Consider the state space $S = \{ 0, 1, 2, ...\}$ and a Markov chain defined by the transition probabilities $p(x, x+1) = 1-\alpha_x$, and $p(x, 0) = \alpha_x$. Assume $0 < \alpha_x < 1$ so the chain is irreducible. I have concluded that the chain is transient if and only if $\prod_x(1-\alpha_x) > 0$. I now need to show that being transient implies that $P^x(\tau_y < \infty) = 1$ for $x < y$.
In other words, you are forced to exit to the right if the chain is transient. Intuitively this makes sense, since otherwise you will be constrained to a finite set with positive probability, and chains on a finite state space are recurrent. However I'm not sure how to formalize this. Any help will be appreciated.
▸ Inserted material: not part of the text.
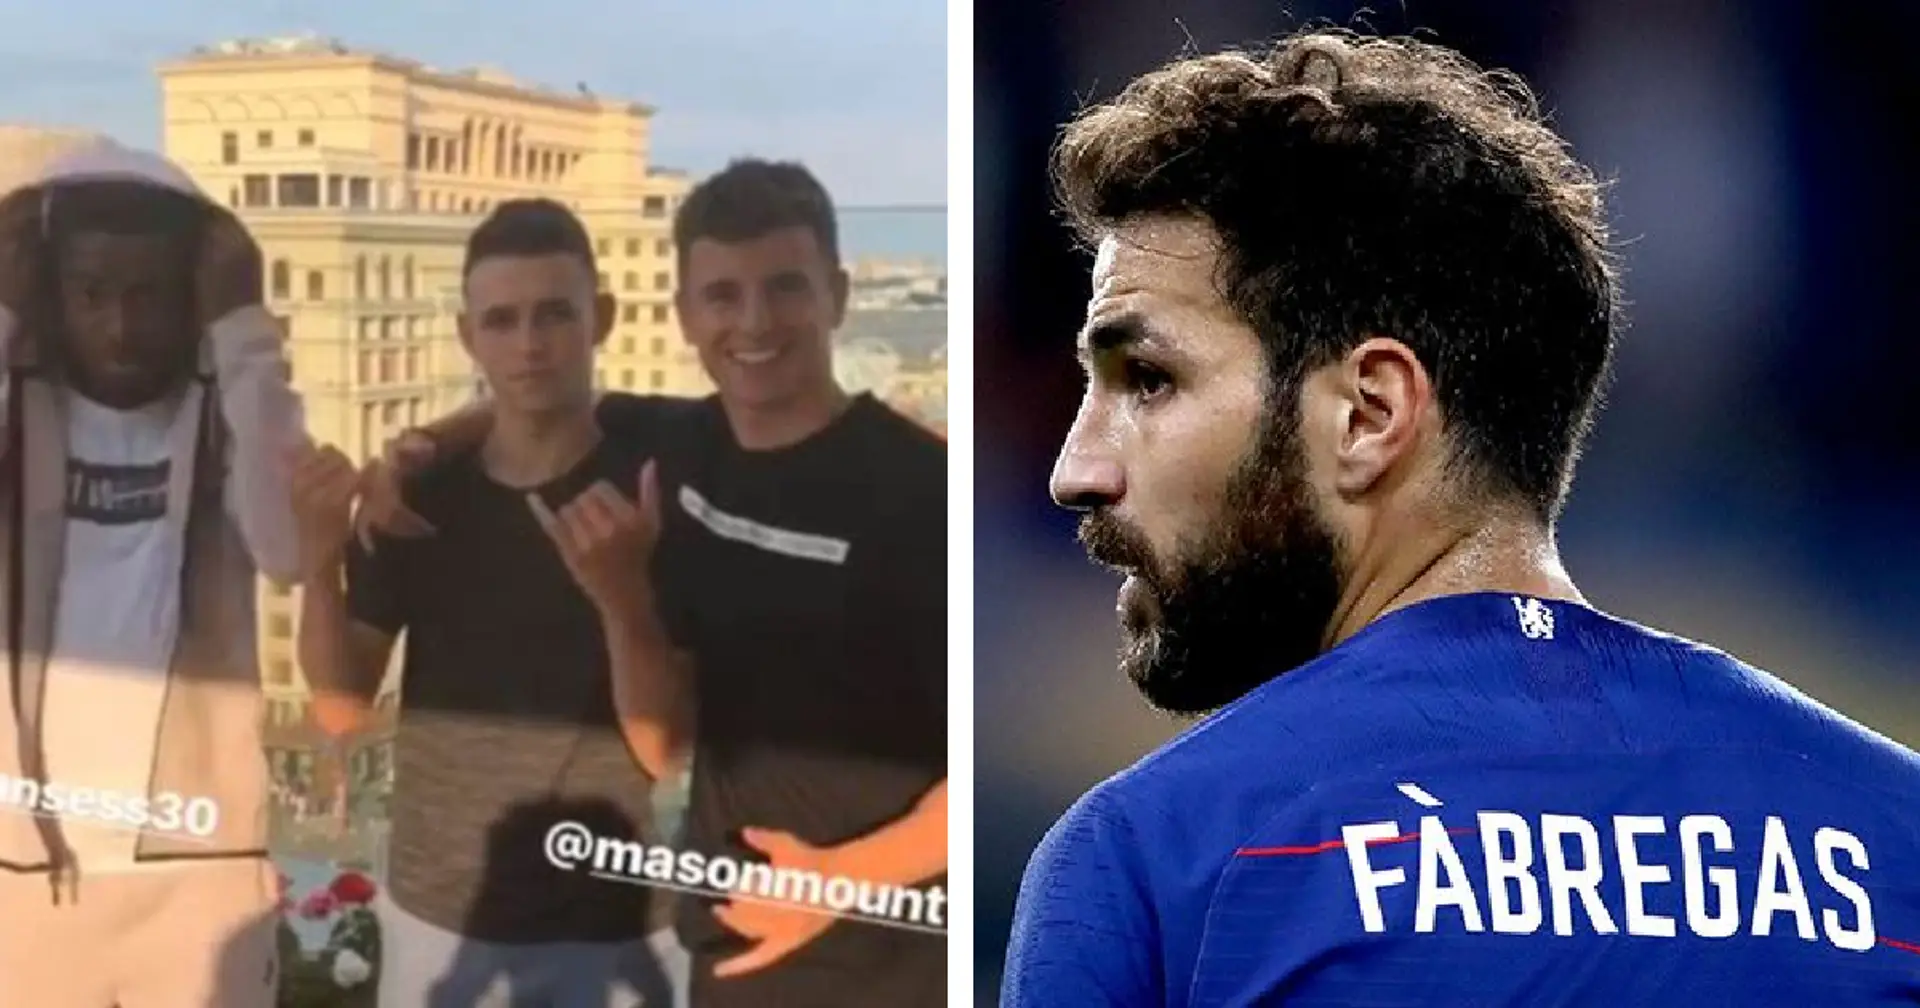 Mason Mount opens up on meeting 'absolute legend' Fabregas at 2018 World Cup as youngster

Note that $$\prod_{j=0}^\infty (1-\alpha_j) = \mathbb P\left(\bigcap_{j=0}^\infty \{X_{j+1}=j+1\mid X_j=j\} \right)$$ and $$\bigcap_{j=0}^\infty \{X_{j+1}=j+1\mid X_j=j\}= \bigcap_{j=1}^\infty \{X_j\ne0\mid X_0=0 \},$$ so $\prod_{j=0}^\infty (1-\alpha_j)>0$ if and only if the chain is transient.
Suppose the chain is transient. Let $j,k$ be nonnegative integers with $j<k$ and set $$\tau_k = \inf\{n>0:X_n=k \}.$$ Since each state is visited finitely many times, it follows that $$ \mathbb P(\tau_k<\infty\mid X_0=j)=1. $$